Dear All,
I am trying to compile a response to the new NICE ACD for IM intolerance and would be grateful if those of you who have any or all of the following would contact me before tomorrow:
a. experienced grade 3/4 adverse effects of any kind
b. have haematological intolerance to IM (i.e blood counts drop to worrying/dangerous levels)
c. due to intolerance are now treated with 2nd generation drug
Please contact me as soon as possible with an outline of your story...... and also let me know if you are willing to talk to media etc.
As you are aware, NICE have separated off the two patient populations which means that iM resistance will be appraised at some future date as part of the TA70 reappraisal of imatinib. That might be seen as good news for resistant patients, but I must admit I remain cautious in my optimism.
However, the urgent issue now is that we have to focus on the new ACD for IM intolerance and my thinking on this is:
* the issue of inequity remains
* intolerance - haematological adverse effects- can be life threatening
* intolerance can mean that IM can only be given in a 'sub-optimal' dose supported by other drugs to support marrow function (GCSF)

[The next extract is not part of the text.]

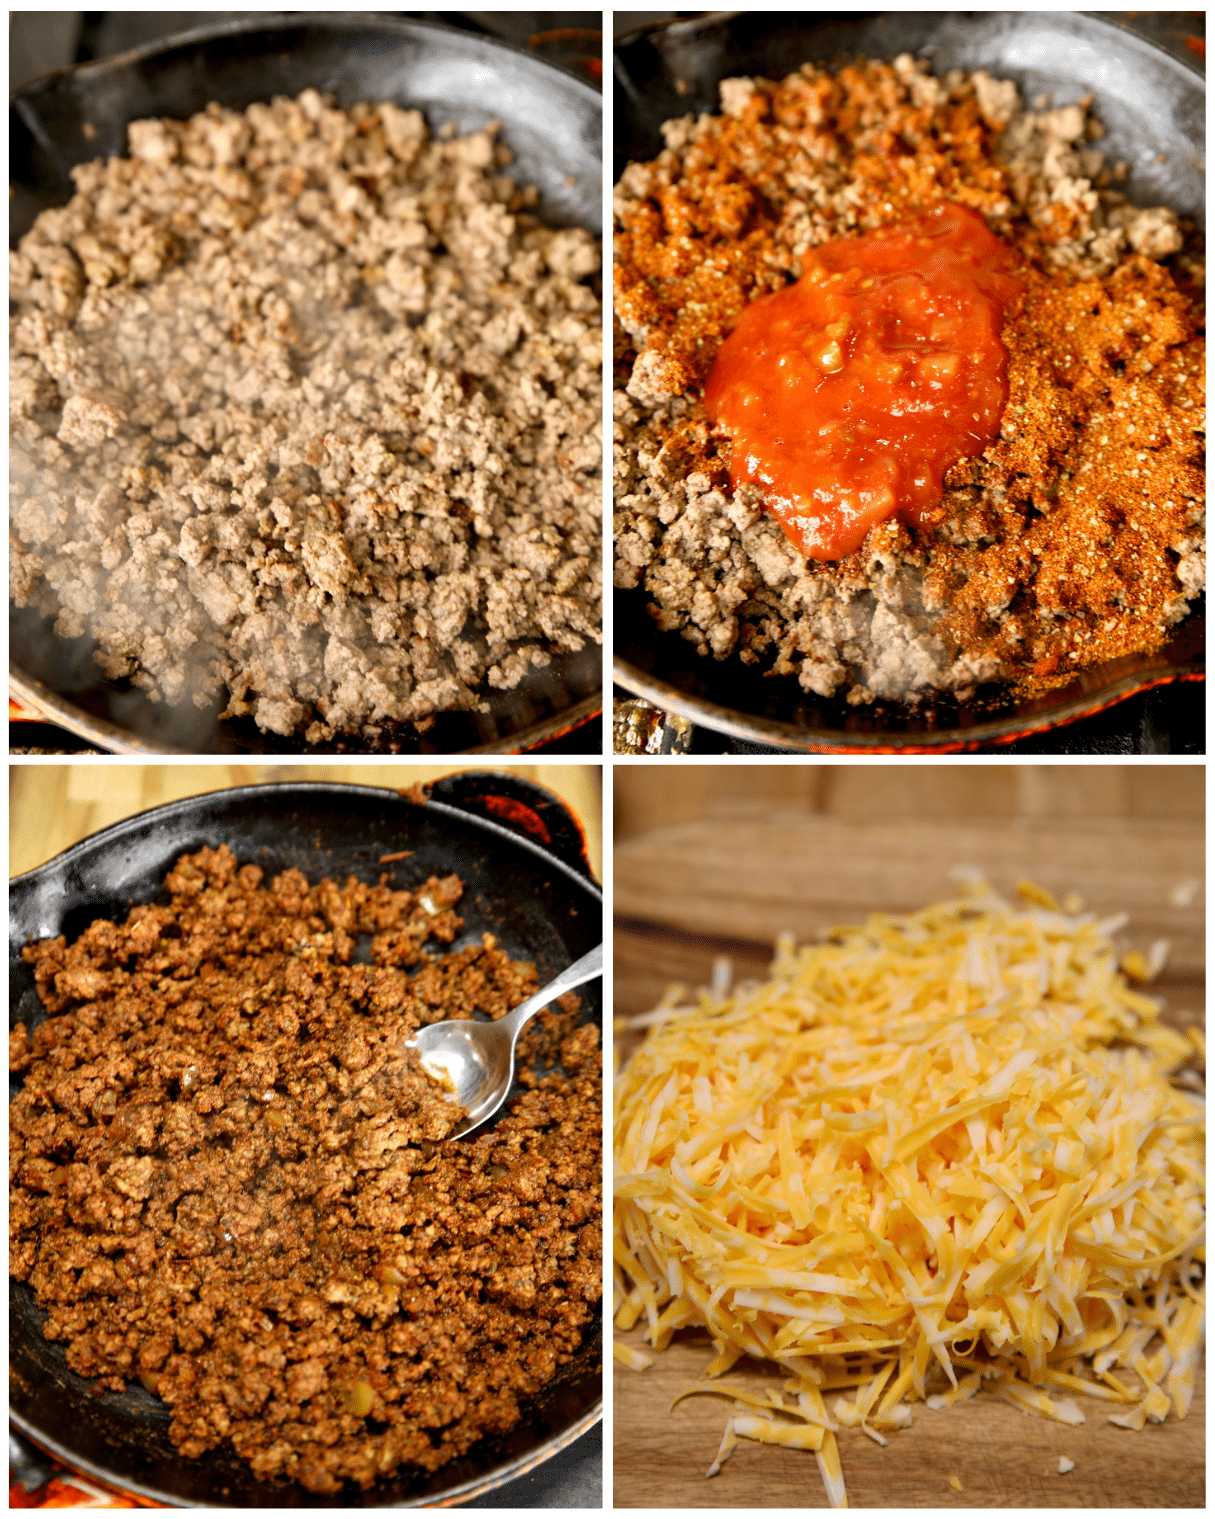 Collage making taco meat with ground beef, seasoning, picante sauce, shredded cheese.

* intolerance can be 'intolerable' and adversely affect quality of life
There is at least one other anomaly contained in the NICE response that I cannot go into here just yet but just to put this all this into context the cost to the NHS of funding either one of the 2nd generation drugs for IM 'intolerance' would be:
* The likely number of intolerant patients per year -approx 35 multiplied by the acquisition cost of either drug to the NHS -both just over £30-31,000 =
£1,850,000.00 per year....... ! Think about it. (sorry, noughts in wrong place- this figure should be £1,085,000.00)
I would really appreciate your support. There is rather a tight deadline for me to compile a well argued response.